Wednesday, October 25, 2006

PHP and Database Connection Pooling

During my recent vacation I worked on this blog entry which talks about connection pooling in PHP and some of the recent interesting results IBM published in a recent Zend Developer Zone article. I just saw Christopher Jones’ blog entry on a new feature coming in Oracle 11g so I’ve slightly adjusted it to include the news.

As is apparent from the likes of Yahoo!, Facebook and other large Web 2.0 companies who have billions of page views per month, PHP can indeed be deployed in a way which scales extremely well. Naturally with any technology that has to scale to huge volumes of traffic using large clusters of servers, there are always scalability issues that need resolving. Common issues that IT personnel deal with are monitoring and management of their clusters, application deployment, file system scalability, network topology, high availability and database scalability.

In my experience, databases have had a long history of being the typical bottleneck in PHP applications. There are many reasons for that including:
A) Dynamic Web applications tend to be heavily database driven and use the database as a searchable content store (CMS) and for transactional operations (e-commerce).
B) PHP developers prefer writing PHP code than SQL, thus often leading to sub optimal queries and moving the majority of the processing logic into PHP.
C) Web sites often serve millions of users, thus requiring PHP to deal with very heavy traffic. This in turn puts huge loads on the databases.
D) Lack of good cheap tools to find bottlenecks in database queries (such tools have always been very expensive. It will be interesting to see how MySQL's new service which also promises performance monitoring will change this).
D) PHP works best in multi-process environments such as Apache. There are many benefits to such a model especially stability, but it also typically requires each process to manage its own connection to the database.

What I'd like to talk about is the last point. Most production PHP deployments prefer to use persistent database connections in order to save the overhead of opening new connections on each request. This overhead doesn't only include the TCP/IP connection and the handshake with the database, but also server-side resource allocation such as processes, threads and the connection context which can take considerable time.

Using persistent database connections with the multi-process model creates a huge problem for large PHP clusters. Let's assume that the average PHP server is configured to spawn 200 Apache worker processes. For companies who have clusters with dozens or hundreds of PHP servers, this can end up being a huge strain on database servers who have to deal with thousands of concurrent connections. For example, a 100 server cluster will typically require 20000 concurrent connections. The performance hit on the server can be devastating for reasons including large memory consumption and crippling context switch overhead due to large quantities of threads and/or processes.

Such problems are not foreign to IBM's DB2 team. They have faced such multi-process architectures in the past and implemented a feature called connection concentrator. This feature efficiently handles large numbers of connections that have short-lived transactions which are very typical to PHP applications. Just recently IBM did some PHP specific benchmarks of this feature and wrote an article describing the results. These results really impressed me as they managed to easily scale to 10,000 concurrent DB connections (equal about to the size of a PHP cluster with 50 server) on a standard two-socket, dual-core processor Linux machine with 4 GB of memory. And not only was it on what is considered a lightweight machine for a database, there was memory to spare.

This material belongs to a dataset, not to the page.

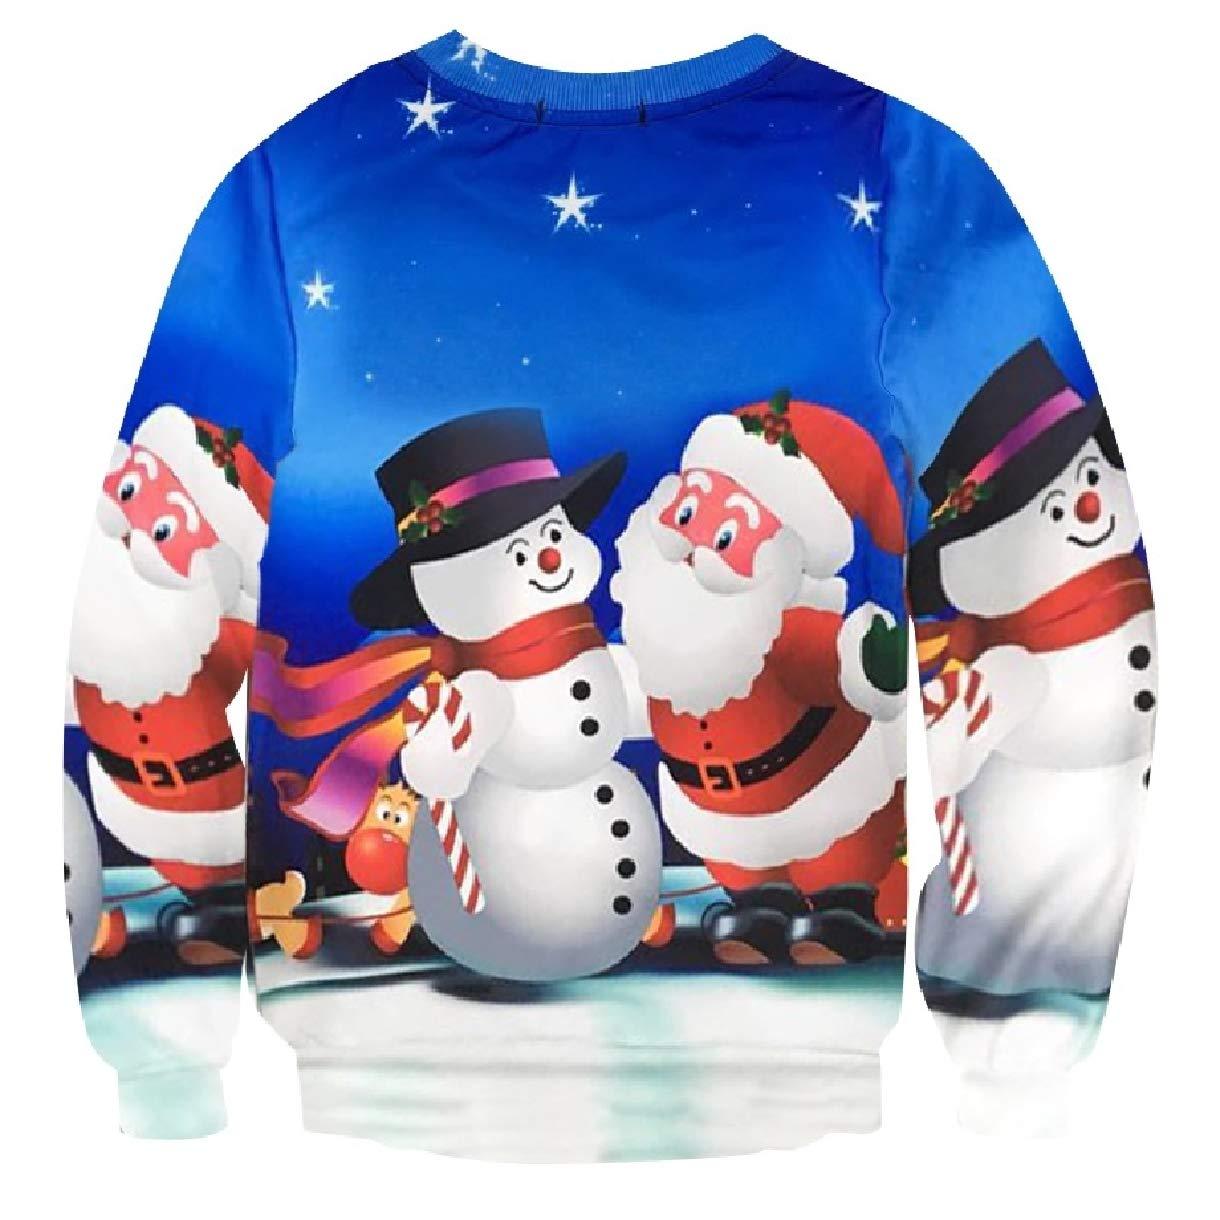 Highisa Mens Fall Winter Plus-Size Christmas Xmas Crew Neck Sweatshirts

Although stability of the multi-process model has always been one of the main selling points for Apache, it has often been critiqued as not allowing for application-server like sharing of database connections between the various worker processes. This not only affects PHP but also other languages such as Python and Perl. Application server advocates have tended to point this out time and again, when in fact, it's a workaround for the database servers not scaling in this kind of scenario. Why should we be solving this problem by abandoning the rock-solid multi-process model rather than having the databases handle this common and increasingly growing runtime architecture? The traditional J2EE application server model is dying in favor of a more loosely coupled, robust and stable set of technologies that all interoperate and scale well together. Whether it's LAMP, OPAL, WIMP or other combinations of technologies, the world is moving away from monolithic systems to heterogeneous loosely-coupled systems. In such environments it becomes increasingly important for each part of the system to scale in various configurations and system architectures.

IBM has shown with this feature that they are successfully playing the loosely coupled game. Now Oracle are following and adding a feature which is also supposed to solve this problem and allow them to better scale in a heavy duty PHP environment. It will be interesting to see how their performance numbers stack up against IBM’s when the feature is released.